Sign language, a remarkable source of knowledge for linguistic research

La langue des signes (LS) est une langue naturelle émergée et évoluée spontanément au cours du temps par la pratique de ses locuteurs : la communauté sourde. C’est également l'un des piliers de l'identité et de la culture sourde. Au sein de l’Institut Jean Nicod, l’équipe de linguistique  “Langue des Signes (LDS)” étudie sous divers angles les capacités cognitives humaines qui sous-tendent la production et la compréhension de cette langue. Entretien avec Carlo Geraci, directeur de LDS qu’il a fondé en 2015 et Jeremy Kuhn, chargé de recherche de l’équipe, autour de leur travail, de l'apport de la langue signée apporte à la linguistique et la façon avec laquelle les chercheur.ses s’engagent à leur tour pour vis-à-vis de la communauté sourde.


 

La langue des signes pour comprendre la structure fondamentale et universelle du langage 

Initialement groupe de recherche intégré à l'équipe de linguistique LINGUAE de l'Institut Jean Nicod, LDS devient une équipe à part entière en 2019, donnant un nouvel élan et une reconnaissance supplémentaire à l’étude de la langue des signes, longtemps mise à l’écart de la linguistique. La LS est pourtant particulièrement intéressante du point de vue de cette discipline car elle utilise une modalité - c'est-à-dire une façon de communiquer le langage - complètement différentes des langues orales. “Au lieu d’utiliser les cordes vocales, les oreilles et les signaux auditifs que sont les ondes sonores, la LS utilise le mouvement des mains, du corps, du visage, et le système visuel” explique Jeremy Kuhn. Cette particularité permet, en étudiant les similitudes entre les LS et les langues orales, d’extraire les processus qui font le fondement universel d’un langage. “Si on trouve les mêmes schémas et processus dans une langue signée et dans une langue orale, les principes responsables de ces schémas sont plus susceptibles d'appartenir à la nature fondamentale du langage” explique le chercheur américain. A l’inverse, un schéma différent entre des langues et modalités différentes va plutôt suggérer un artéfact de la langue en question”.

Cette façon d’appréhender la linguistique est appelée la grammaire générative.
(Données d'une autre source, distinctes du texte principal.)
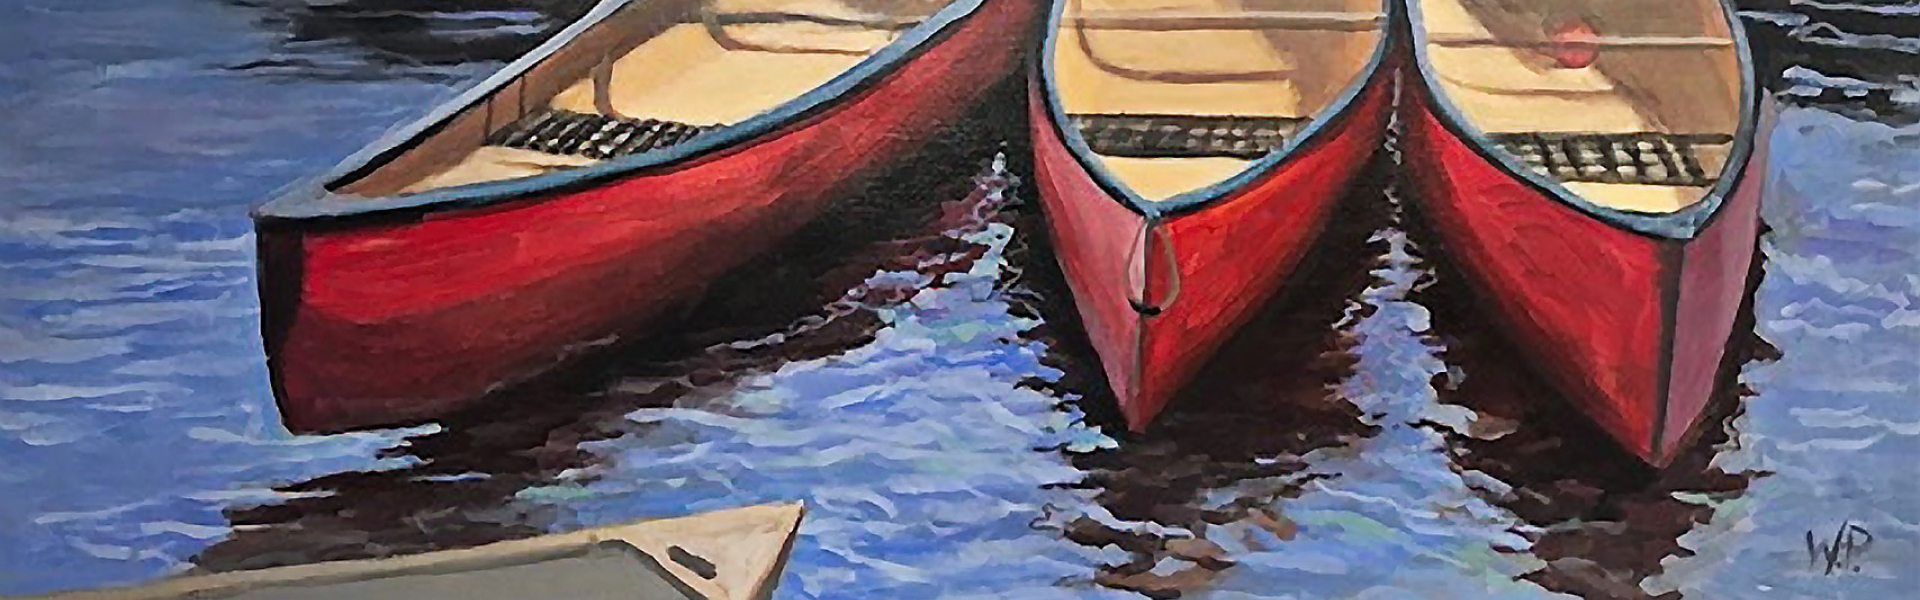 banner_WendyPalermo-Trio-of-Canoes-2022.20220310102022.jpg

Cette approche, fondée par le linguiste Noam Chomsky dans les années 50, est l’idée que la grammaire est un système inné et universel à tous les humains, qui se développe à partir d’un programme génétique, sous l’influence de l’environnement. "La recherche en grammaire générative, c'est mettre un accent sur la façon dont on assemble les pièces pour générer la langue : dont on met des sons ensemble pour obtenir des mots, des mots ensemble pour former des phrases, et même des phrases jamais entendues auparavant !” indique Jeremy Kuhn. C’est par cette approche que l’équipe construit son travail et appréhende la langue des signes. Dans cette perspective, la LS peut être décrite avec les concepts développés pour les langues orales mais occupe aussi, par sa modalité différente, une place de choix pour étudier et renforcer l’idée d’une grammaire universelle et innée. 

C’est cet intérêt pour la linguistique qui attire d’ailleurs Jeremy Kuhn, alors jeune chercheur américain à New York, vers l’étude de la langue signée. “J’ai commencé par prendre des cours de LS américaine pour mon enrichissement personnel. Puis quand j'ai commencé mon programme de doctorat à NYU, il est devenu progressivement évident pour moi que la LS avait des perspectives intéressantes à offrir à la linguistique en général et à la sémantique en particulier. En 2015, il y avait en plus très peu de travail sur la sémantique en LS et j'étais donc dans une bonne position pour essayer de pousser cela. J'ai continué à prendre des cours de LS américaine puis des cours de LS française ici à Paris”.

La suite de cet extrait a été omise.